Le voyage de ma sœur fait mourir mon rêve de réunir notre famille à Gaza. Ce rêve que j’ai construit, jour après jour, a soudainement été brisé par ce changement inattendu. La possibilité de cette réunion, qui m’a permis d’avancer pendant quatre ans, a été détruite en un seul instant. Pourquoi sera-t-il difficile de s’unir à nouveau ? En déménageant en Allemagne, il sera bien difficile pour une famille de cinq personnes de prendre le risque de retourner dans Gaza, alors qu’ils ont tout, là-bas : du travail, l’école, des engagements, etc.

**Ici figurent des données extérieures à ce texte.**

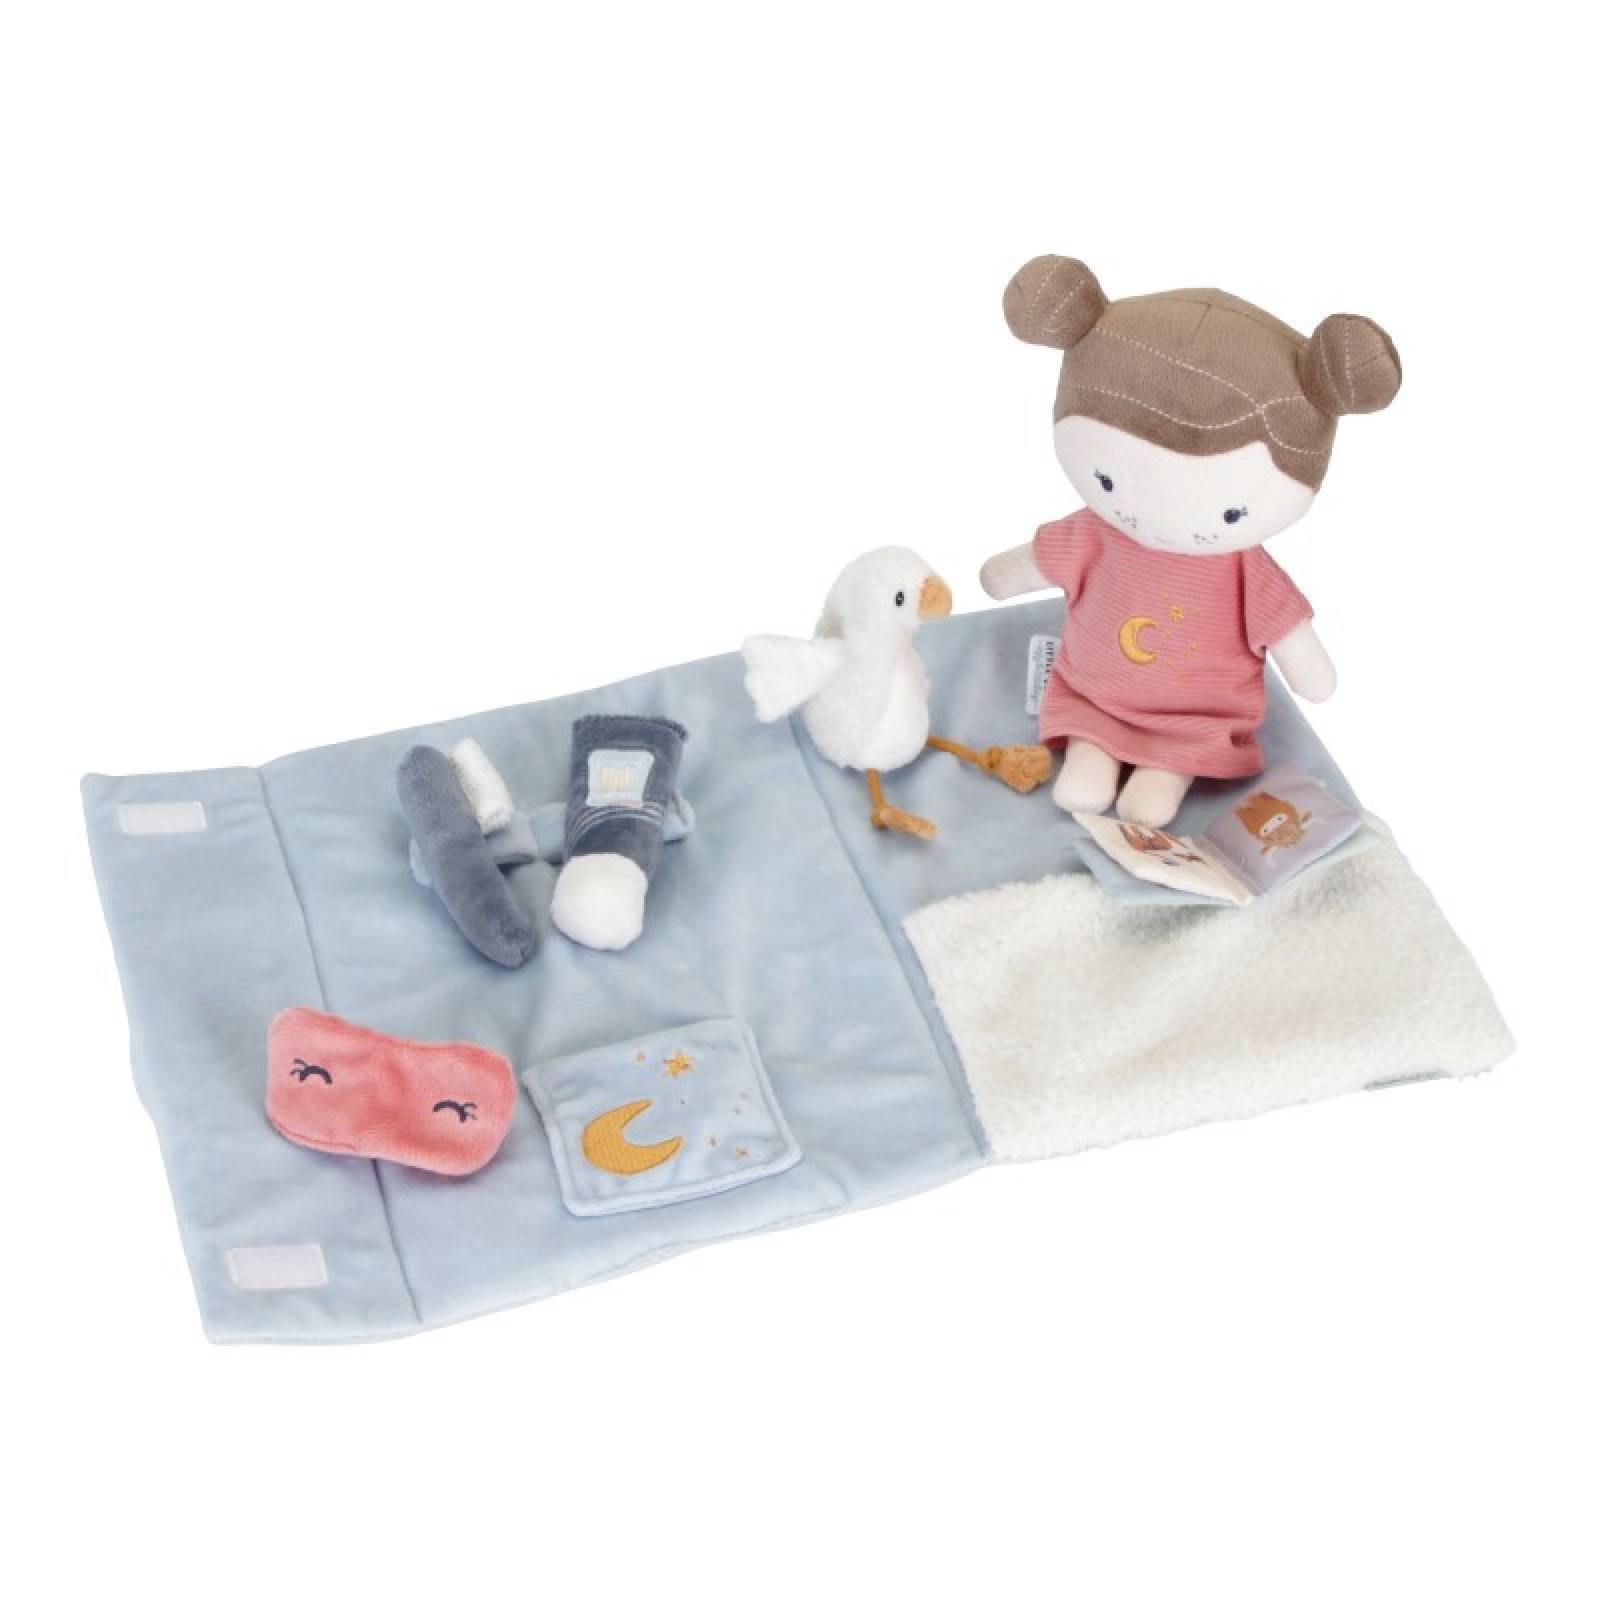 Sleepover Play Set With Doll 1+ thumbnails

Même moi, célibataire sans trop de responsabilités, je n’ai pas pu rentrer, pas même une seule fois. Je verrai ma sœur en Allemagne, mais ce n’est pas ce que je voulais. Non, ce que je souhaitais, c’était de voir tous les membres de ma famille en une seule fois, à Gaza. Mais aujourd’hui, ma sœur s’en va, et on ne sait pas qui sera le suivant. Tout change. Et ce rassemblement ne dépend plus de mon retour, comme je le pensais avant.

Mais à Gaza, tout le monde part ou veut partir, chacun à son (re)tour. Cela me rend un peu triste, alors que l’on fait face à une nouvelle période terrible. Pourquoi, pour qui, pour où quitter Gaza ? Et qu’arrivera-t-il aux personnes restées là-bas ?

Nesma Jaber

Nesma Jaber est une écrivaine palestinienne. Elle vit à Paris, depuis 2015, où elle a obtenu un Master en création littéraire et un Master en management et communication des organisations. Elle est l’auteure du livre Les enfants de l’arc-en-ciel, une pièce de théâtre pour les enfants, publié à Gaza en 2011.